En parallèle de l’expansion de son mini-empire Minitel, Xavier Niel commence à s’intéresser à la nouvelle vague naissante : Internet. Dès 1993, il participe à la fondation de World-Net, le tout premier fournisseur d’accès à Internet (FAI) indépendant en France. Il pressent que l’Internet grand public pourrait prendre le relais du Minitel. En 1997, il cède World-Net à un opérateur de télécommunications pour plusieurs dizaines de millions d’euros, réalisant une plus-value considérable. Dans le même temps, il prépare activement le lancement d’un nouveau FAI grand public sous la marque Free.

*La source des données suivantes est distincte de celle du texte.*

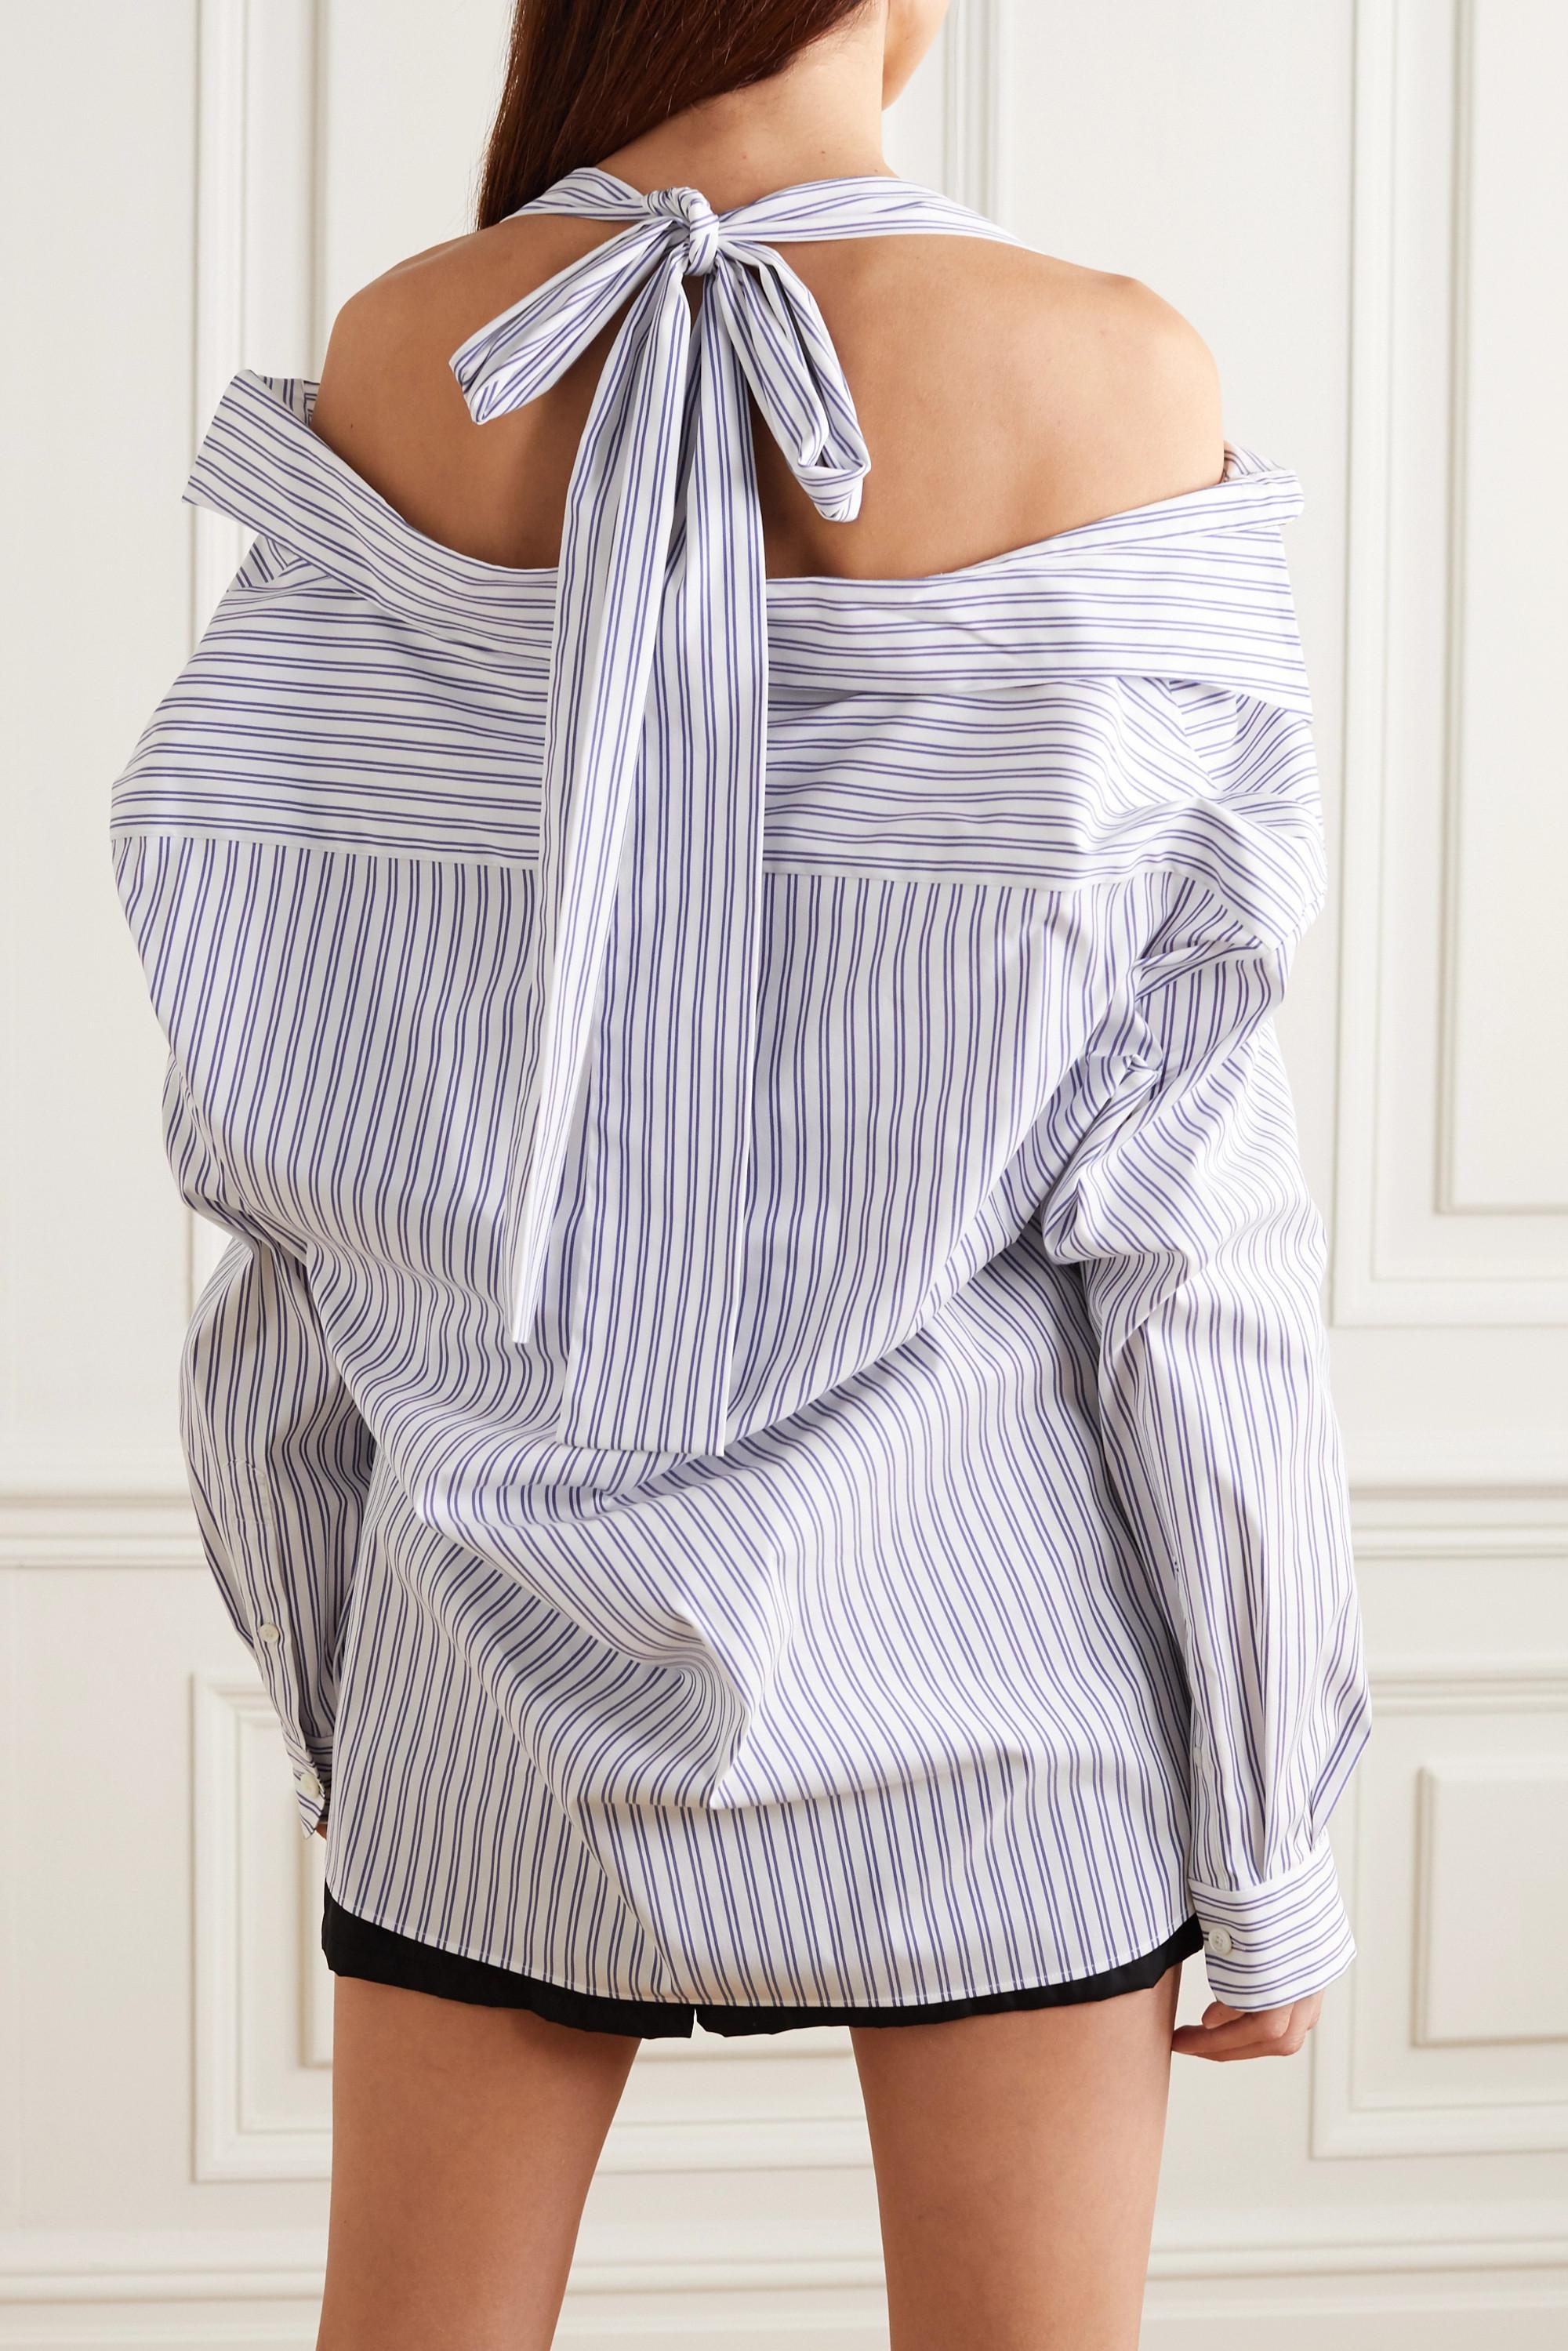 Prada Blouse épaules nues en popeline de coton mélangé à rayures

Free voit le jour en 1999 au sein du groupe Iliad, avec pour ambition affichée de bousculer le marché des fournisseurs d’accès à Internet. Xavier Niel capitalise sur l’expertise acquise et les fonds accumulés grâce au Minitel pour proposer des offres innovantes (accès à Internet gratuit puis box ADSL très haut débit à bas prix). Cette stratégie audacieuse réussit : en l’espace de quelques années, Free s’impose comme un acteur majeur de l’Internet français, et la fortune de Niel s’accroît exponentiellement.

Année Âge de X. Niel Événement clé
1982 15 ans Lancement du Minitel en France, fournissant l’outil qui servira de base à sa future entreprise.
1984 17 ans Création par Niel de son premier service de messagerie érotique sur Minitel.
1987 20 ans Succès financier important : des dizaines de milliers de francs de revenus mensuels grâce aux messageries roses.
1991 24 ans Vente de son activité Minitel rose initiale ; il rachète la société Fermic qui deviendra Iliad.
1999 32 ans Lancement de Free, fournisseur d’accès Internet, marquant le passage du Minitel à l’ère du web.

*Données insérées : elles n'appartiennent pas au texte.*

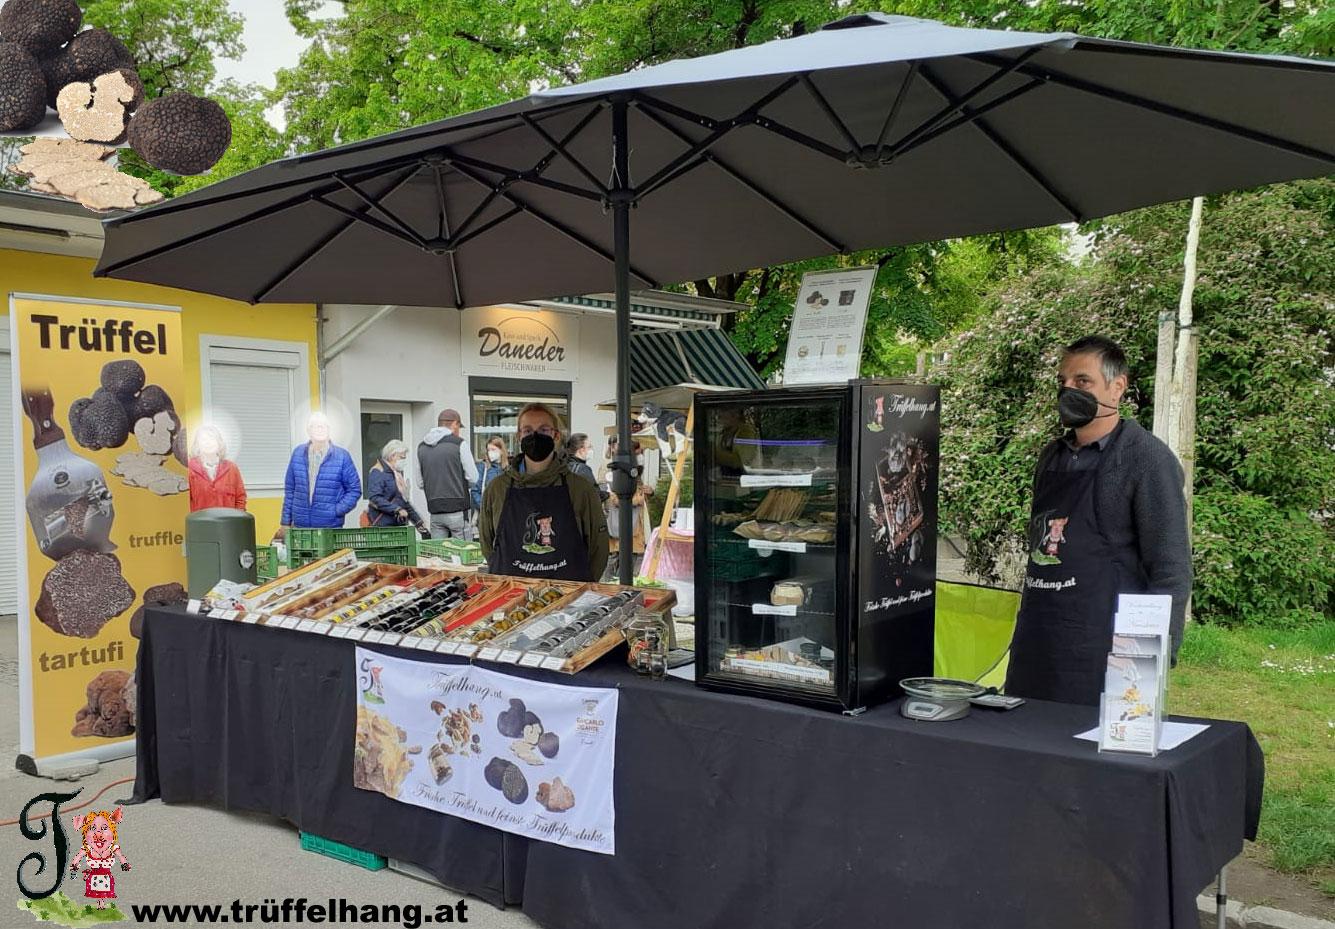 Marktstand von Trueffelhang.at am Hauptplatz, Lentia City, auf der Food Street Market Tour oder am Südbahnhofmarkt Linz - Trüffelmarkt

Un héritage controversé mais décisif

Si l’épopée du Minitel rose a été le tremplin de Xavier Niel vers la réussite, elle n’est pas exempte de zones d’ombre. En 2004, le nom de Niel apparaît dans une affaire judiciaire liée à l’exploitation de ses peep-shows parisiens. Accusé un temps de proxénétisme et de détournement de fonds, l’homme d’affaires sera finalement blanchi par la justice : aucune condamnation pour proxénétisme n’est retenue contre lui, et il écope seulement d’une peine de prison avec sursis assortie d’une amende pour des irrégularités financières mineures. Cette période trouble lui vaudra le surnom moins flatteur d’« ex-pornocrate » dans certains médias, et Xavier Niel s’efforcera ensuite de faire oublier cette image sulfureuse.

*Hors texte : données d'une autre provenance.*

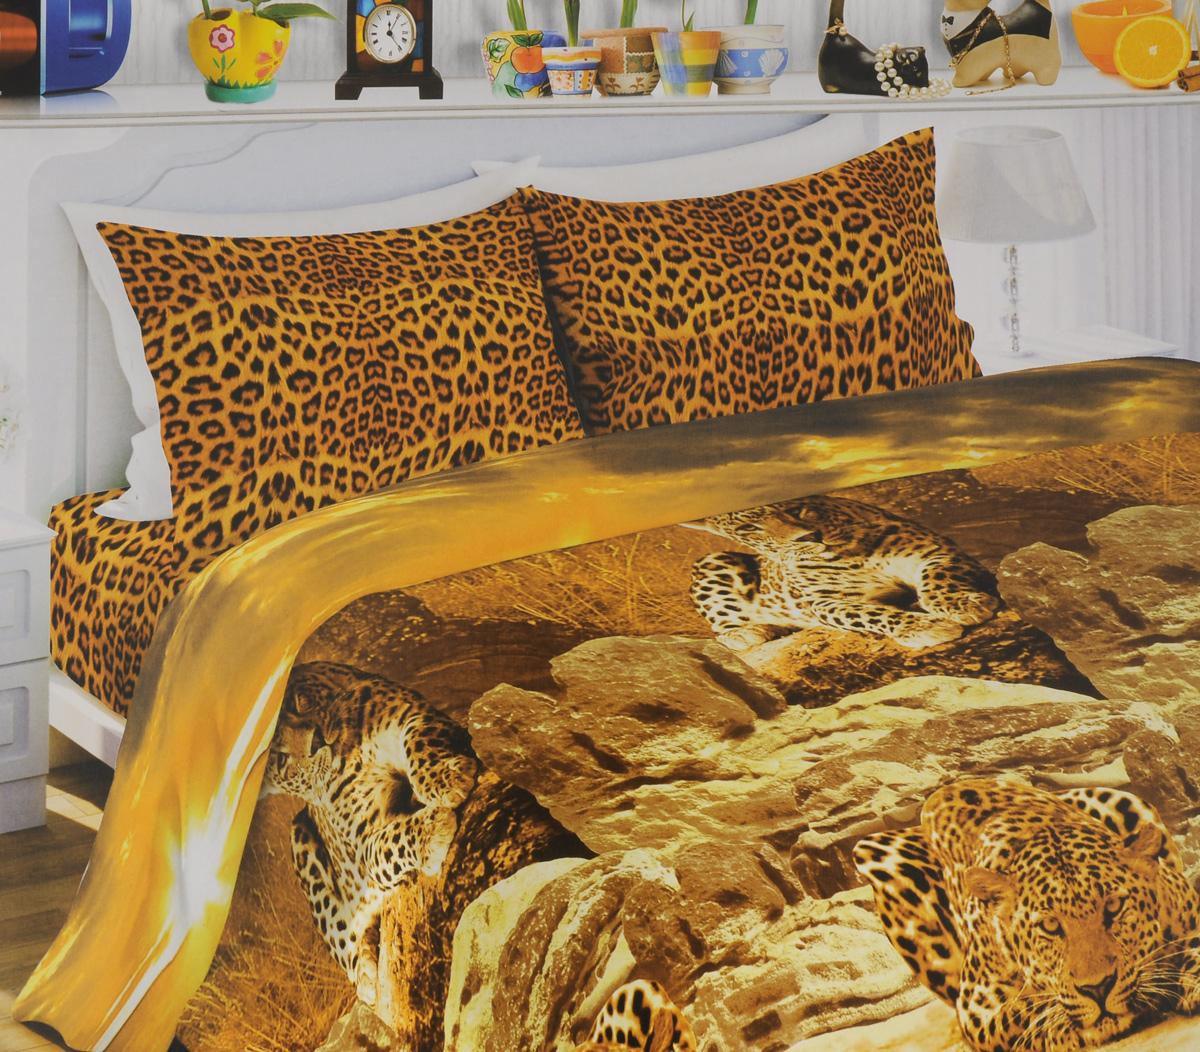 Комплект белья Любимый дом Африканский леопард, 1,5-спальный, наволочки 70х70, цвет: коричневый, оранжевый, бежевый326134Комплект постельного белья Любимый дом Африканский леопард состоит из пододеяльника, простыни и двух наволочек. Постельное белье оформлено оригинальным рисунком и имеет изысканный внешний вид. Белье изготовлено из новой ткани Биокомфорт, отвечающей всем необходимым нормативным стандартам. Биокомфорт - это ткань полотняного переплетения, из экологически чистого и натурального 100% хлопка. Неоспоримым плюсом белья из такой ткани является мягкость и легкость, она прекрасно пропускает воздух, приятна на ощупь, не образует катышков на поверхности и за ней легко ухаживать. При соблюдении рекомендаций по уходу, это белье выдерживает много стирок, не линяет и не теряет свою первоначальную прочность. Уникальная ткань обеспечивает легкую глажку. Приобретая комплект постельного белья Любимый дом Африканский леопард, вы можете быть уверены в том, что покупка доставит вам и вашим близким удовольствие и подарит максимальный...

Il n’en demeure pas moins que l’invention du Minitel a joué un rôle décisif dans le parcours de Xavier Niel. Sans cette technologie typiquement française, il n’aurait sans doute pas pu démarrer aussi tôt son activité entrepreneuriale et accumuler le capital nécessaire au lancement de Free et de ses autres entreprises. Le Minitel lui a offert un premier terrain d’expérimentation et d’enrichissement qui a façonné le capitaine d’industrie qu’il est devenu par la suite. Aujourd’hui encore, le destin de Xavier Niel illustre comment une innovation technologique – même éphémère – peut engendrer de grands bouleversements dans le paysage économique et façonner l’avenir de ceux qui savent en exploiter le potentiel.